→ **Work to complete**
The required output is the lines from the one with "O.T. ( arab" through the end of the data, repeated verbatim, with no pictures included.

→ **Dataset extract**
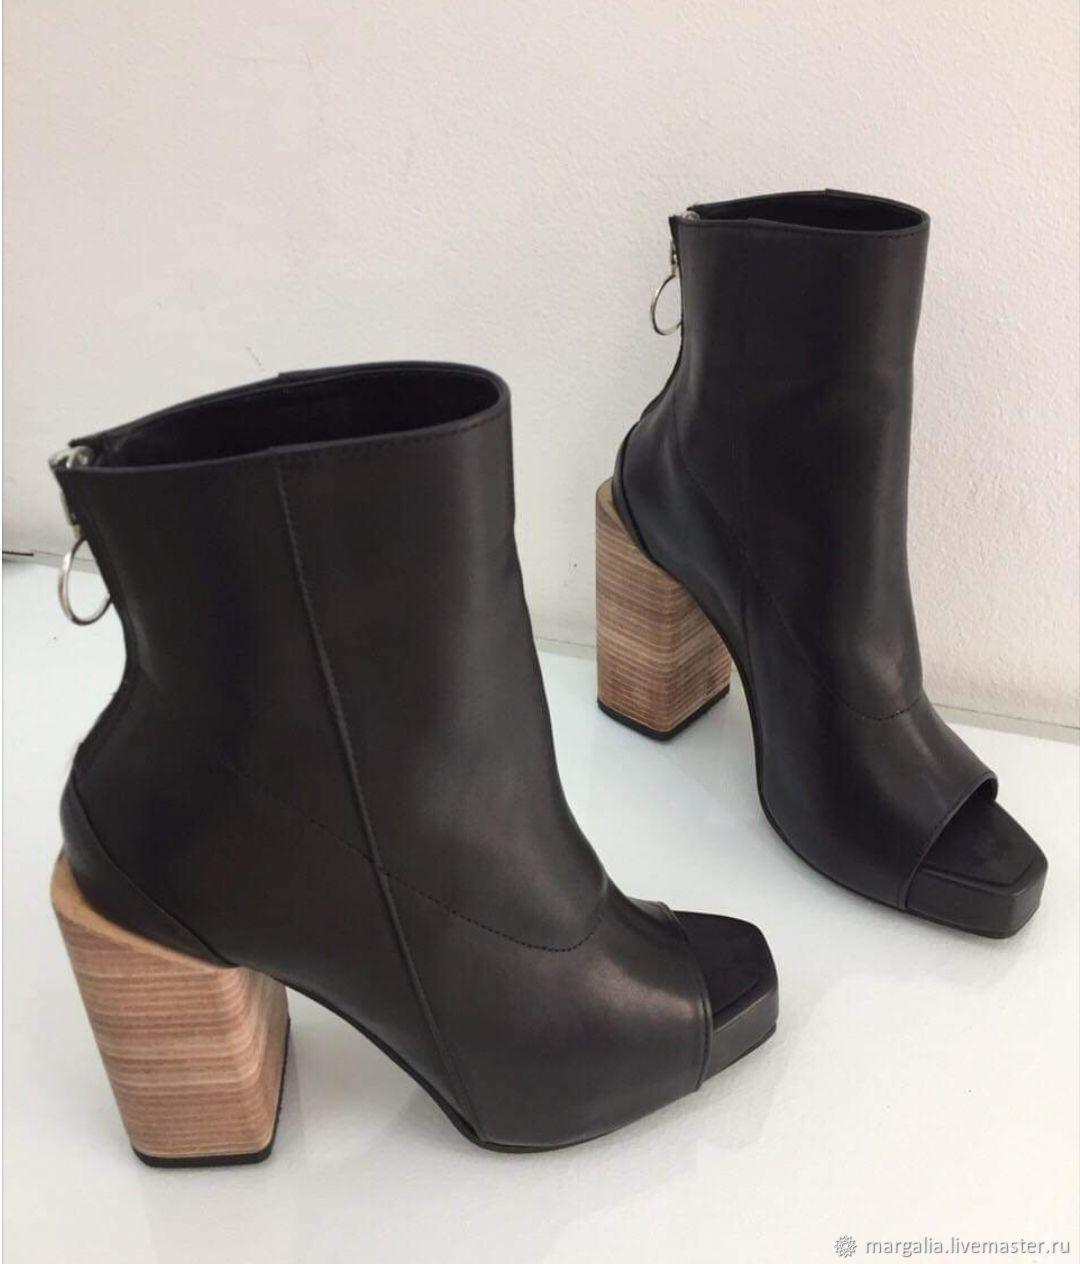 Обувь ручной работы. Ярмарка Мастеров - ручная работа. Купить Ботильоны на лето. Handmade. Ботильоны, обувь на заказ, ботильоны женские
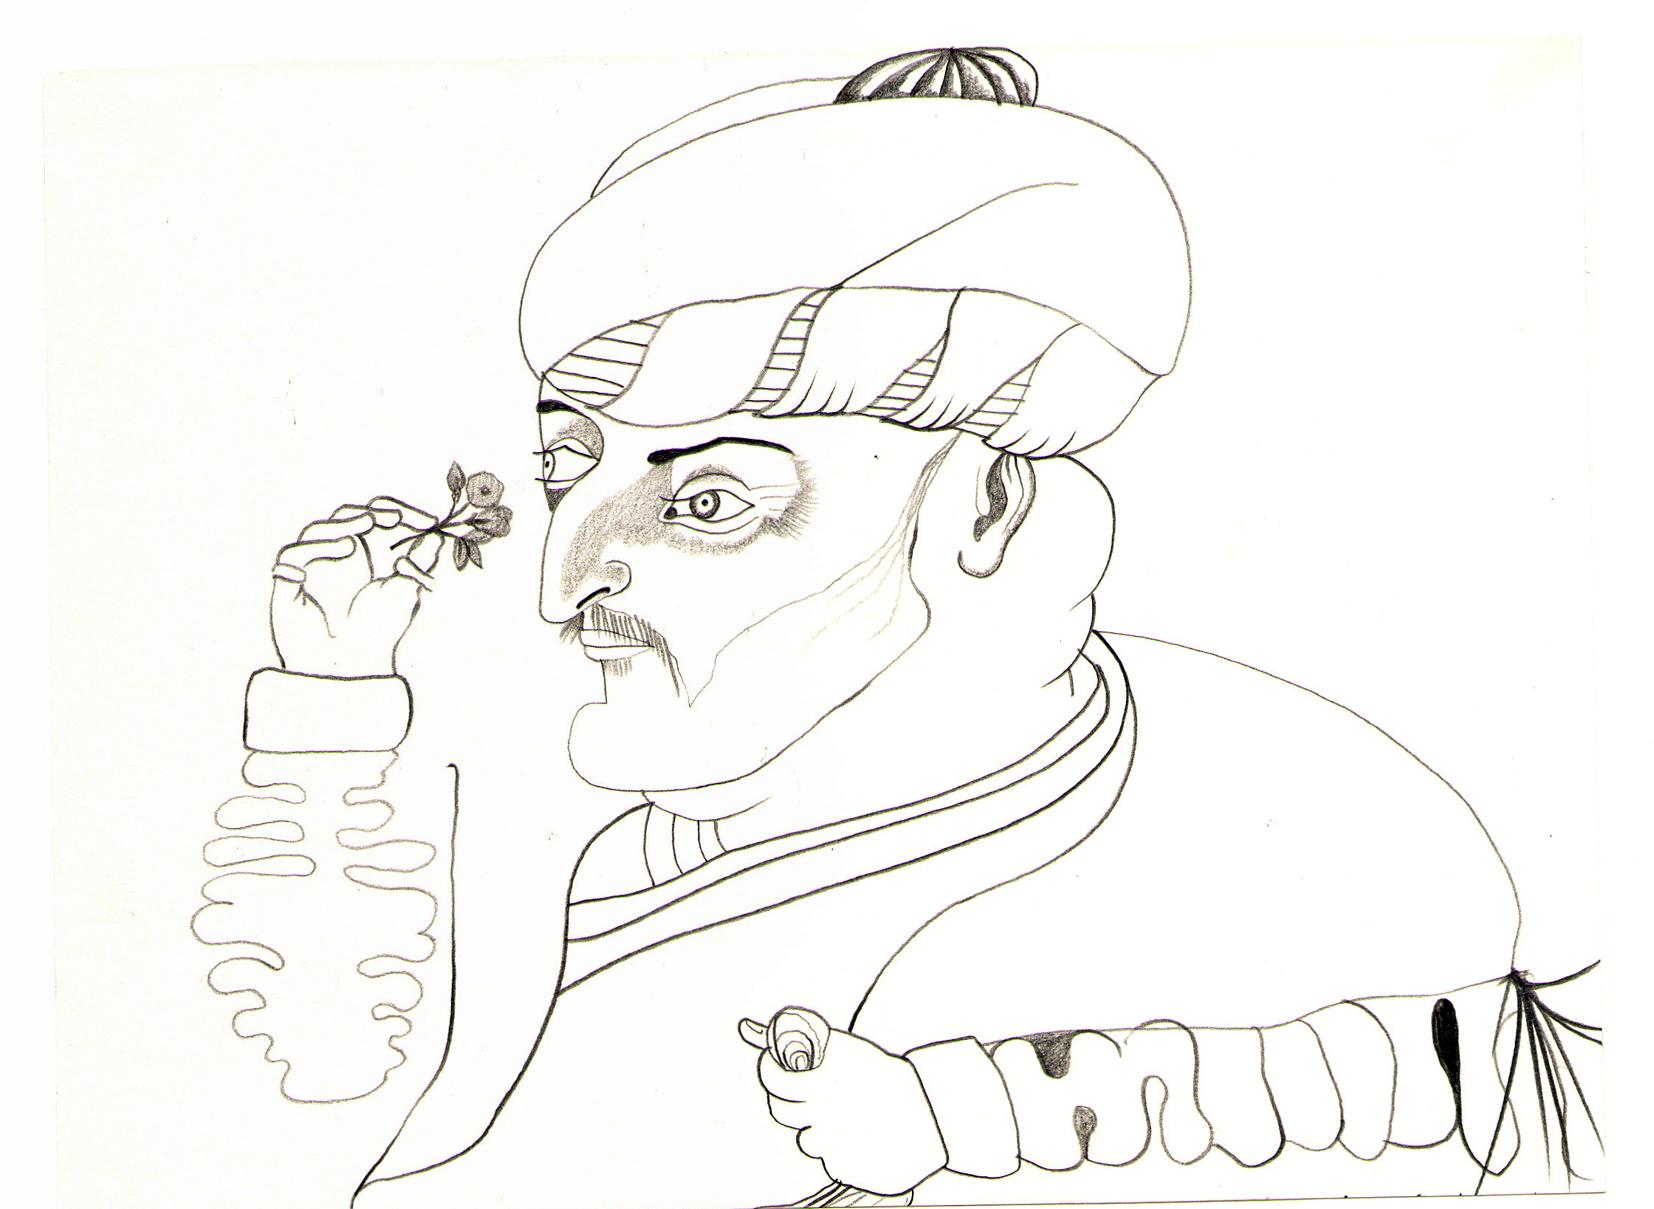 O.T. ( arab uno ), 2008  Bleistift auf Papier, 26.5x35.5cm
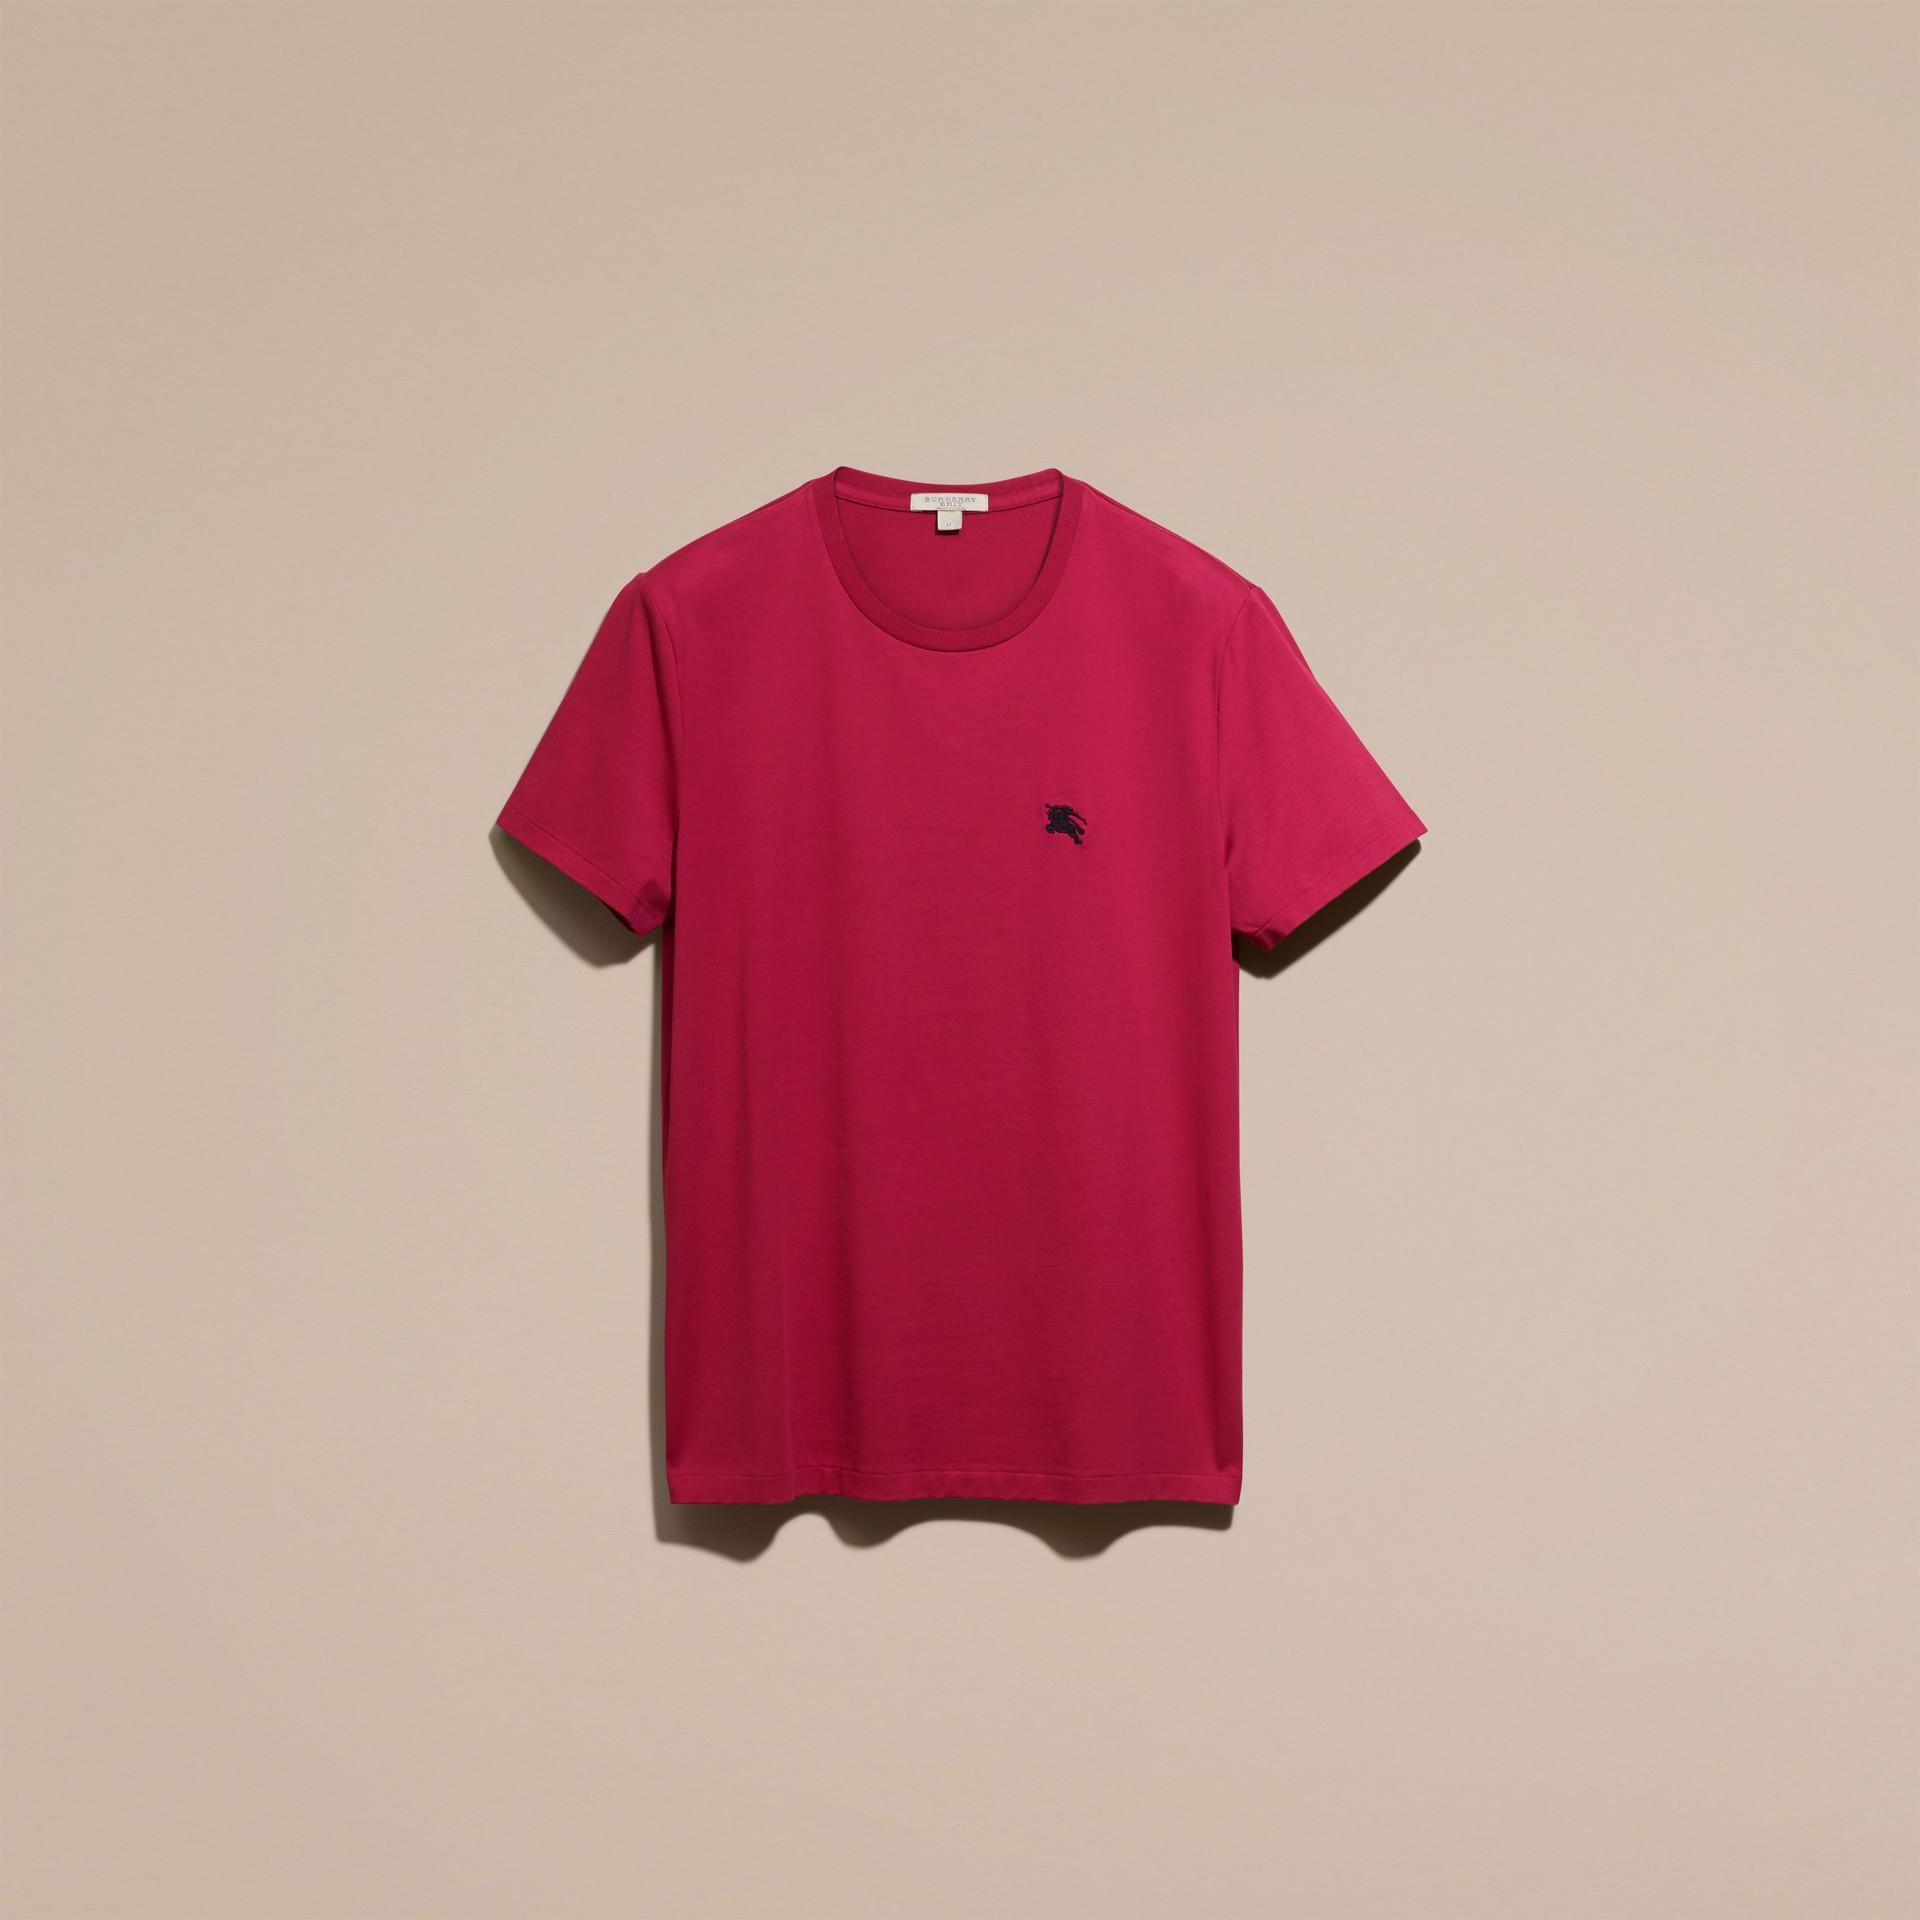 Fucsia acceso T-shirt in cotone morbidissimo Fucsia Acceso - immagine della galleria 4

→ **Task answer**
 O.T. ( arab uno ), 2008  Bleistift auf Papier, 26.5x35.5cm
 Fucsia acceso T-shirt in cotone morbidissimo Fucsia Acceso - immagine della galleria 4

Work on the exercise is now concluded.